Book Read Free

Aim True, My Brothers

Page 16

by William F. Brown


  Al-Bari motioned toward the lettering on the van. “More Irish Humor, Mr. Murphy?”

  “Oh, no, lad. We own the business. When hard times come, a man's gotta eat; and me old Da told me a butcher shop’s as good a way as any to get rid of a body.”

  “Sage advice, I am sure,” Al-Bari said as he looked at the truck again. “But you ignored my orders. You brought two men with you.”

  “Look, Teraki, that bloody thing’s heavy! You’re gonna need some muscle to get it out of my trailer and into your truck,” Murphy said as he looked around. “You did bring a truck, didn’t you?”

  “No, I am taking yours.”

  “Oh, you can’t do that now, mate,” Murphy groaned. “The trailer’s got to go back to U-Haul and that’s me wife’s car. She’ll kill me.”

  “Better her than me, Murphy.” Al-Bari reached for his wallet and quickly counted out some large bills. “Here is an extra thousand to cover your trouble and keep your wife happy. We’ll phone you and let you know where you can pick it up in a few days,” he said as he put the wallet back in his inside jacket pocket, and his hand came back out with the silenced 9-mm SIG Sauer. With a soft Pfoot! Al-Bari shot John in the knee.

  “Ah! You Wog bastard!” the big Irishman screamed as he grabbed his leg and crumpled at Murphy's feet, rolling around on the pavement. “Ahhhh…”

  Al-Bari turned the automatic on Murphy. “I believe that is the punishment your IRA metes out for disobedience, isn’t it, Mate?”

  Before Murphy or the big bartender could do anything about it, Hafez Arazi suddenly appeared behind them and jammed the barrel of another SIG Sauer into Murphy's ear.

  “You'll die for this,” Murphy glared at Al-Bari.

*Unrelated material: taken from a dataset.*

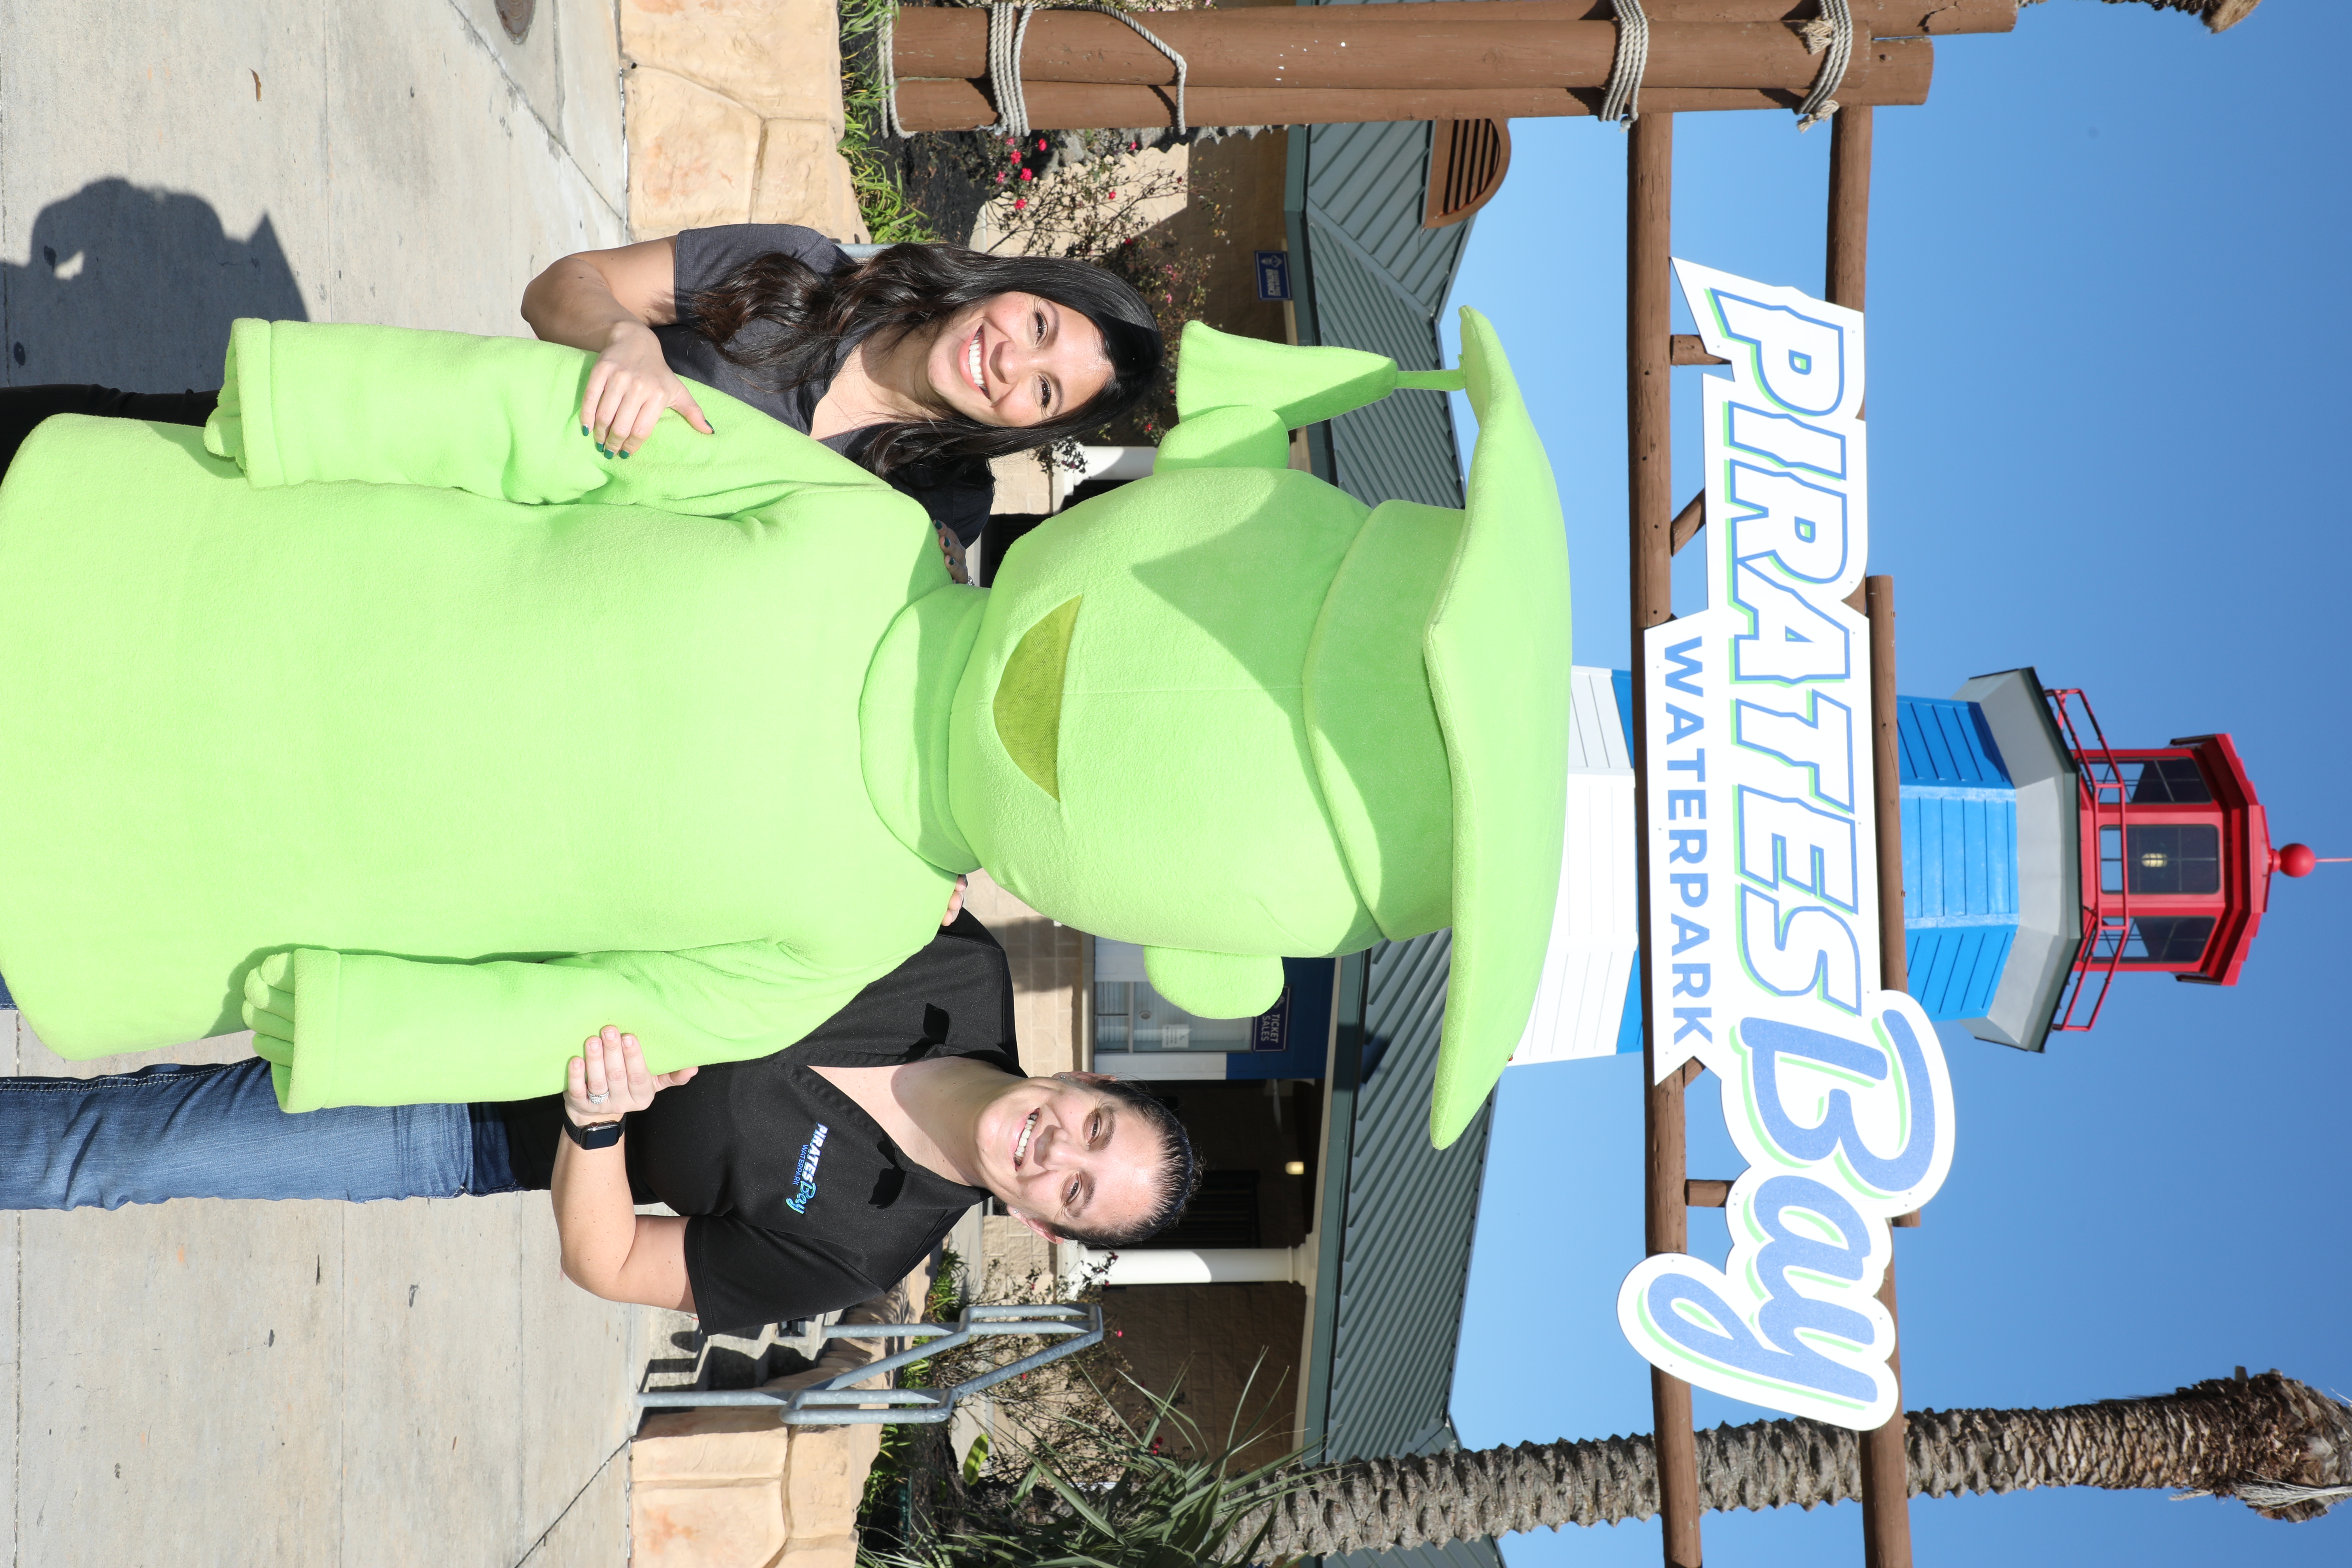 Erika Foster GCCISD edfo director and city of baytown stand next to giant mascot at pirates bay

  “If I thought there was even a glimmer of that possibility, I would have shot you and your other man too, not just this one. Now get in your van, and leave while you still can. And do not entertain any further thoughts about us. If you do, they shall be your last.”

  Murphy and Big Pat got John up and helped him into the Kosher meat van. The doors slammed and the van’s tires squealed as it sped out of the parking lot.

  “Let us go, Hafez,” Al-Bari said as he watched its taillights disappear down the street. “The Irishman may have more men around.”

  Inside the white delivery van, Murphy sat behind the wheel, fuming as he drove away. In the glow of the instrument panel, his face was flushed with anger. In the back, John writhed on the floor in pain.

  “Jesus, Mary, and Joseph, Murph,” Big Pat said, “John's bleedin' like a stuck pig here.”

  “Of course he's bleedin,' you ass! He just got himself shot, now didn’t he? So, shut yer yap and let me think.”

  Murphy reached over, picked up a two-way radio off the dash, and keyed the mike. “Danny! Can you tell if the bastard's left yet? That beeper better be workin’, Boyo! You got him on your screen yet?”

  “Aye, Murph. Don’t worry. I got him.”

  “Good! Don't lose him, you hear! We've got to drop John off at the hospital.”

  “Something happened to John, then?”

  “Aye! He didn't do what he was told. So, you keep followin’ that Wog. I want to know where he’s goin’ and what he’s doin’, you hear me?”

  “But Murph, what if…”

  “No ‘buts’ or ‘what ifs’, Danny. Follow him to Hell if you have to, but don’t you dare lose him. We’ll see who’s so smart now,” he snorted as he hung up.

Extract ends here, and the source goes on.